How to Choose Acrylic Paint

@wkcraft

Choosing the acrylic paint can be intimidating when you are a beginner, but don’t worry, this page will help you find the right acrylic paint for you based on your needs and budget for acrylic paints.

Quality, color, viscosity, container, and drying time are the major factors to consider.

Quality

Commonly, there’re two grades of acrylic paints: artist-quality and student-quality.

Artists’ paints, with a very wide range of colors, are finely ground and highly concentrated, with high permanence properties.

The colors for students are low priced, and there are few colors to choose from. Usually, the capacity of each tube is small. Due to the filler inside, the color expression is weak.

The artist’s colors are more vivid and easier to blend and layer. Because they have a smooth consistency.

If you are a beginner who wants to practice your skills, using student quality paints is fine on a small budget. If you want to make artwork that you care to keep or want to sell your work, use artist’s colors.
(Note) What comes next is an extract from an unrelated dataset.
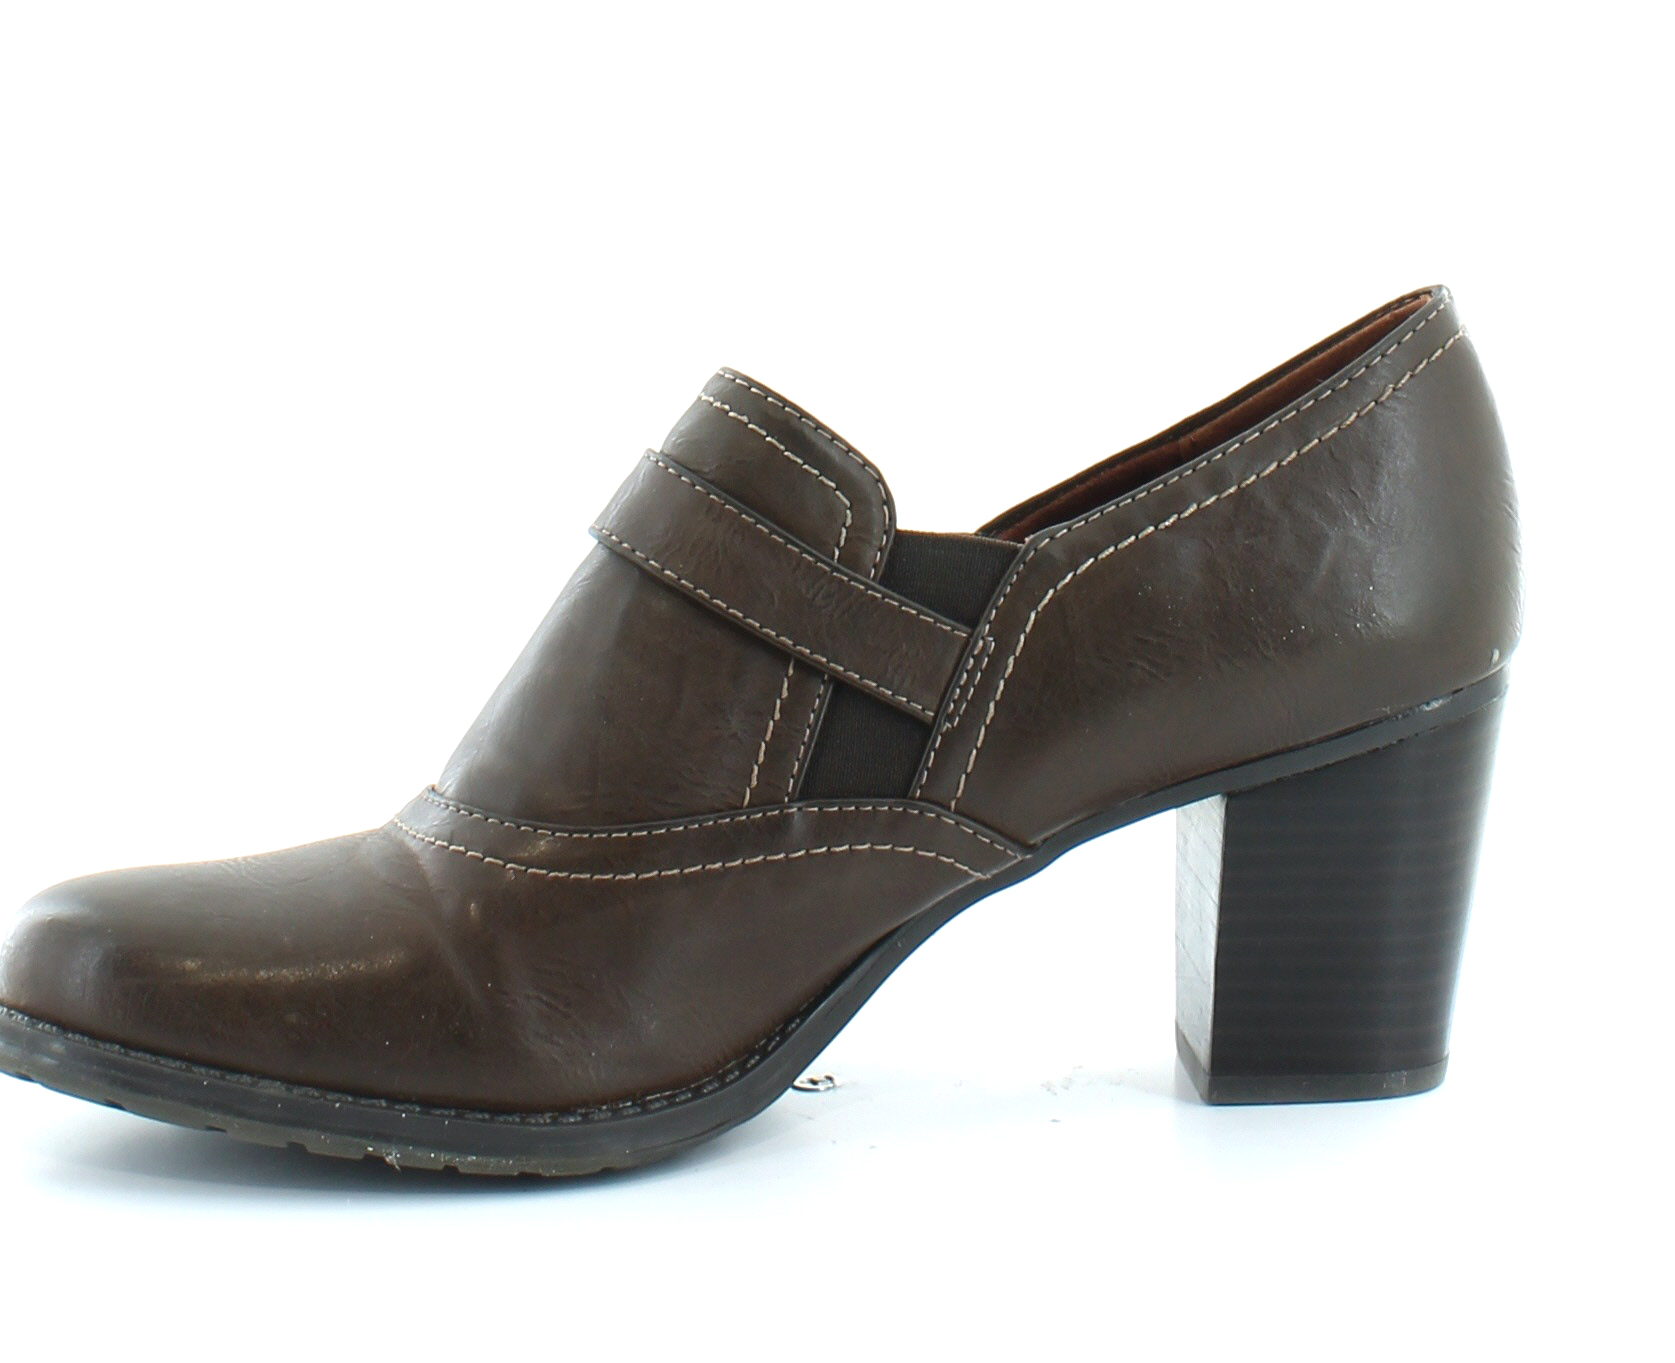 Details about Naturalizer Deangela Brown Womens Shoes Size 11 M Heels ...
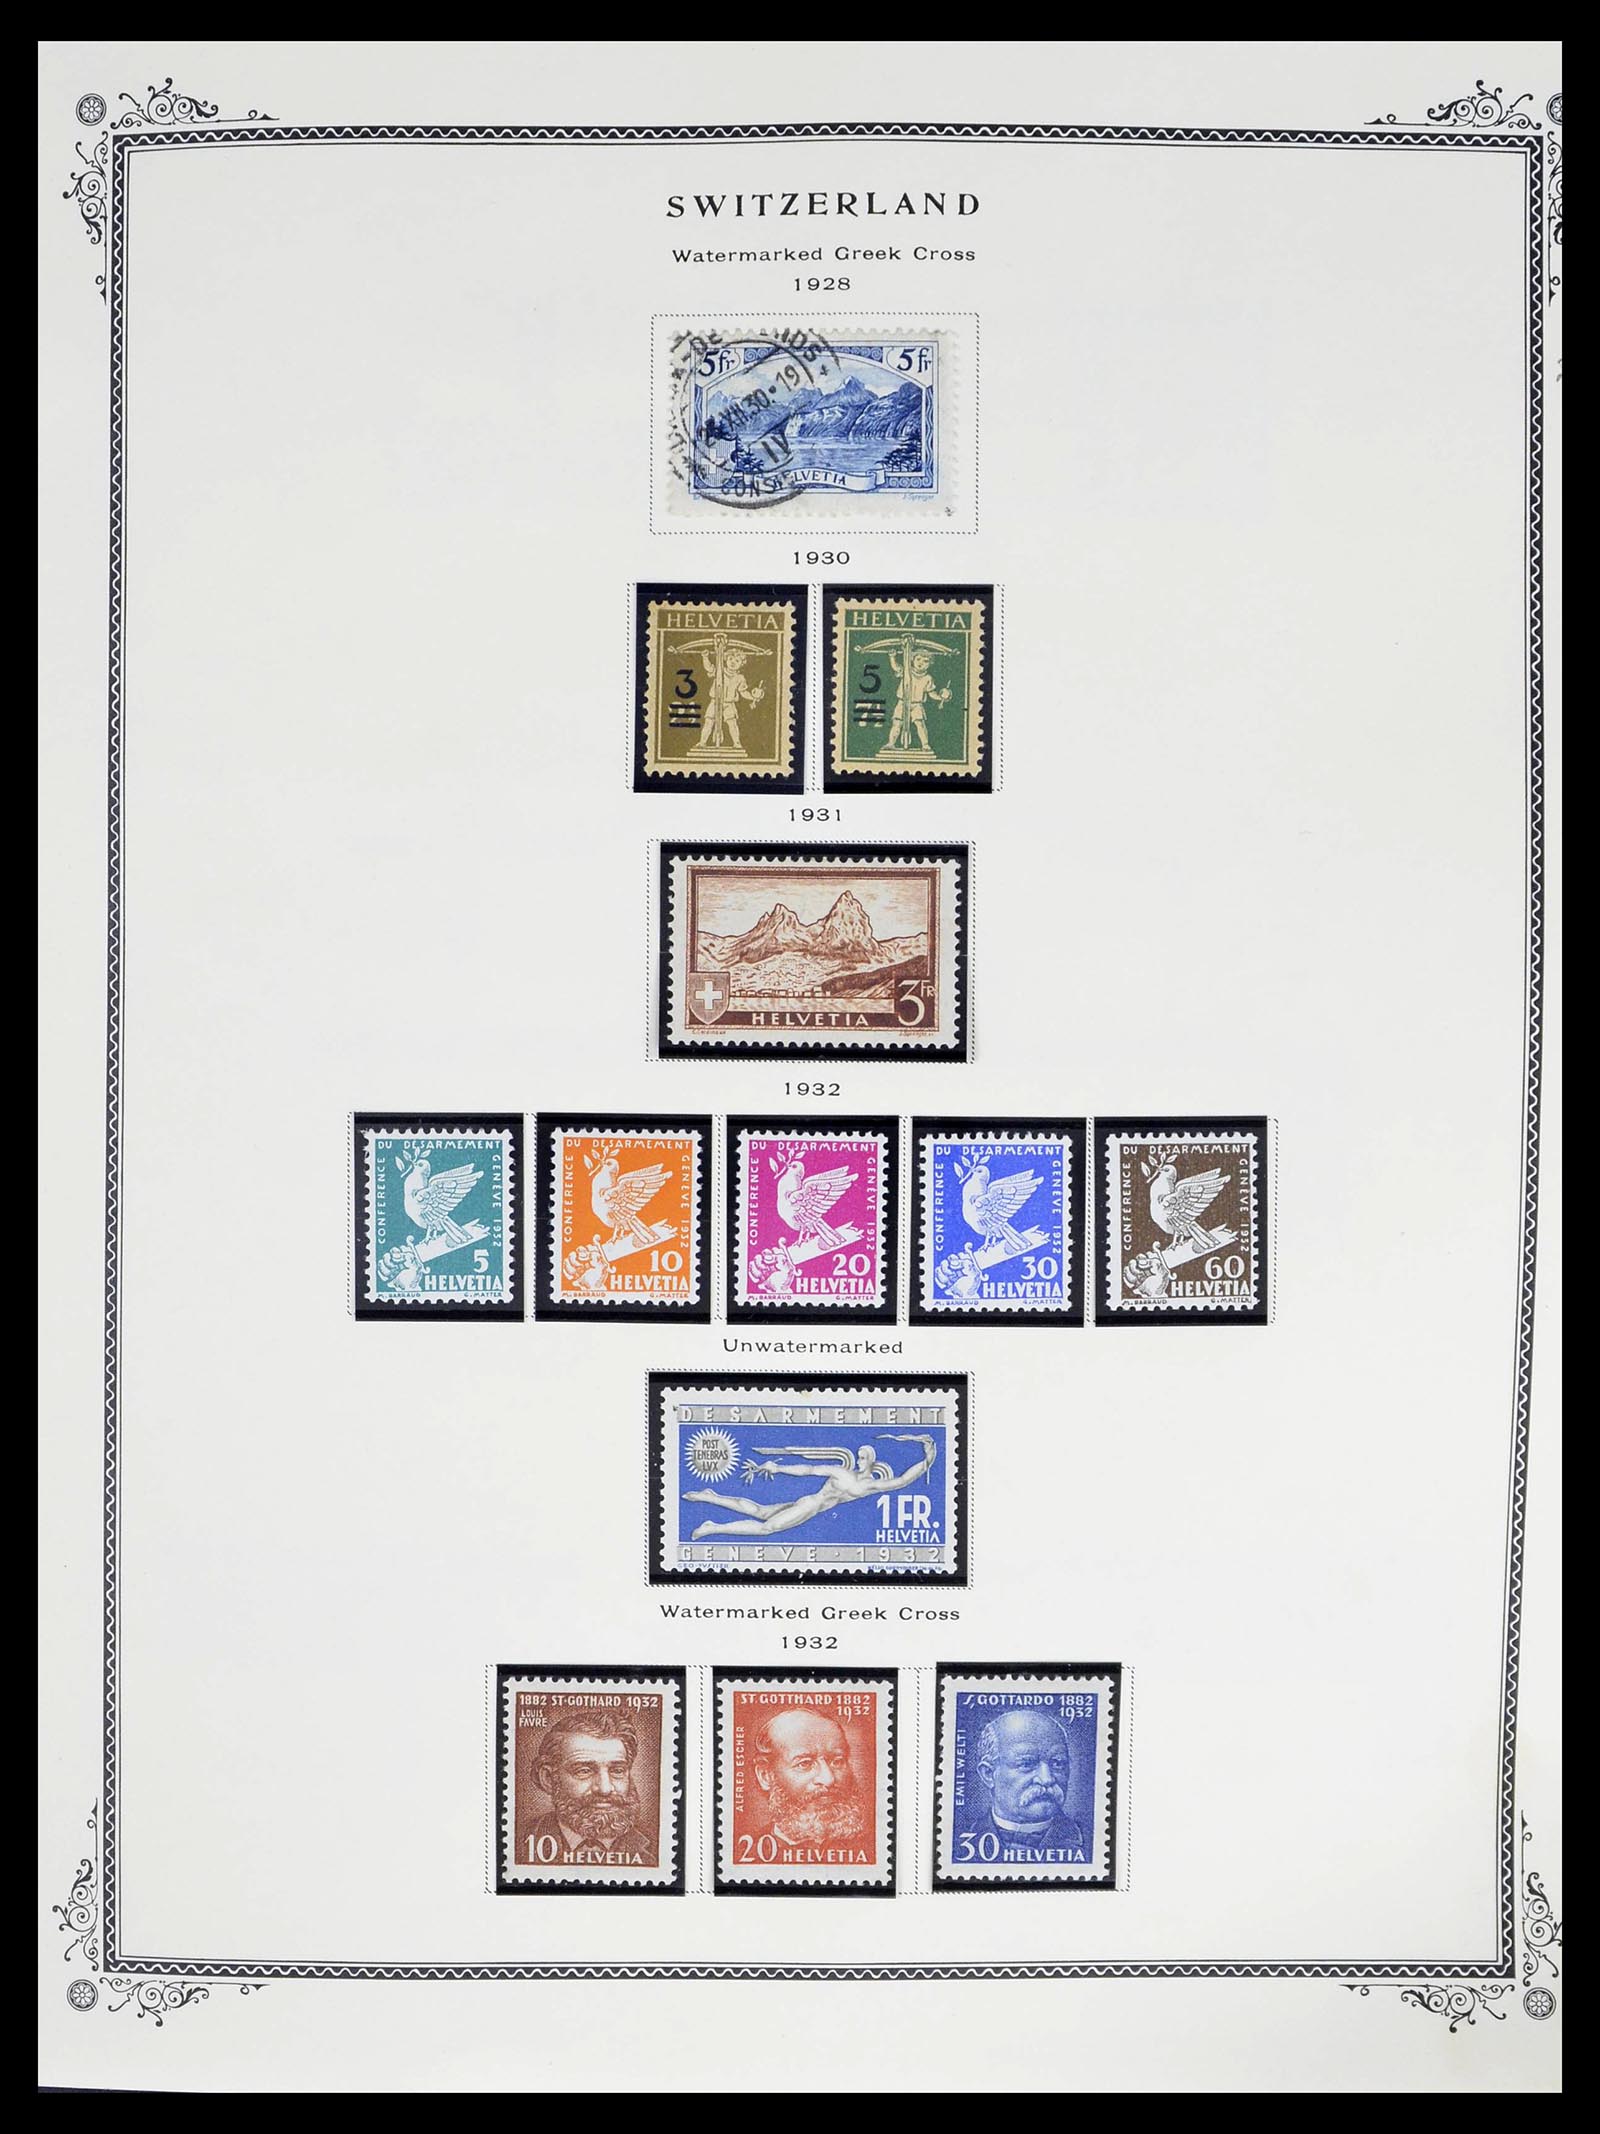 39178 0021 - Stamp collection 39178 Switzerland 1850-1989.

Here’s a tip, you can use student paints for earth colors (which are almost as good), but you’ll spend more on a solid, intense color. Some artists save money by using student colors for the base coat and using professional quality paint on top.

Color

Although acrylics come in a dizzying array of colors. But for a beginner, it’s fine to start with these 12 colors. Also you can also mix them to create other colors.

For beginners, starting with a set of acrylic paints will not only save you some money, but will also be a good practice start. It is best to start practicing painting directly with paints without spending too much time on choosing materials.

Among the artist-quality acrylic paints, some colors are much more expensive compared to others. This is because some pigments are very uncommon. Generally speaking, clay colors are the easiest to obtain and therefore the cheapest, and colors derived from cadmium are very difficult to obtain. Some brands choose to use synthetic pigments to reduce costs to provide a cheaper alternative, but they may perform poorly in terms of longevity and color intensity.

Container

Heavy body acrylics are available in tubes and cans. The tube is small in size and easy to carry. It is more cost-effective to buy enough paint at a time. The consistency of the tube and the jar is different. The paint in the tube will always be paste-like, and the paint in the jar is thick, but it will be flat when poured on the palette.

If you are not sure which one to buy, you can buy the tube first, and then buy a few jars after you find the specific brand and color you often use. If you want to buy your first acrylic paint, start with a smaller 2 fl.oz tube, because a little is enough, and you want to keep your choice so that you can also try other brands.

Fluid acrylics is usually packed in a bottle with a screw cap, or a dropper, so that the paint can be easily applied to the palette.

Drying Time

Many artists prefer to use acrylic paints because they dry quickly. But the downside is that the paint may dry on the brush or palette before you are finished painting. If you want to extend the drying time of your acrylics, you have some other options. Artists who prefer to slow the drying time of their canvases but still like the versatility and expressiveness of acrylics can use a retarding medium.

Hope above contents may do little help when you need to choose acrylic colors.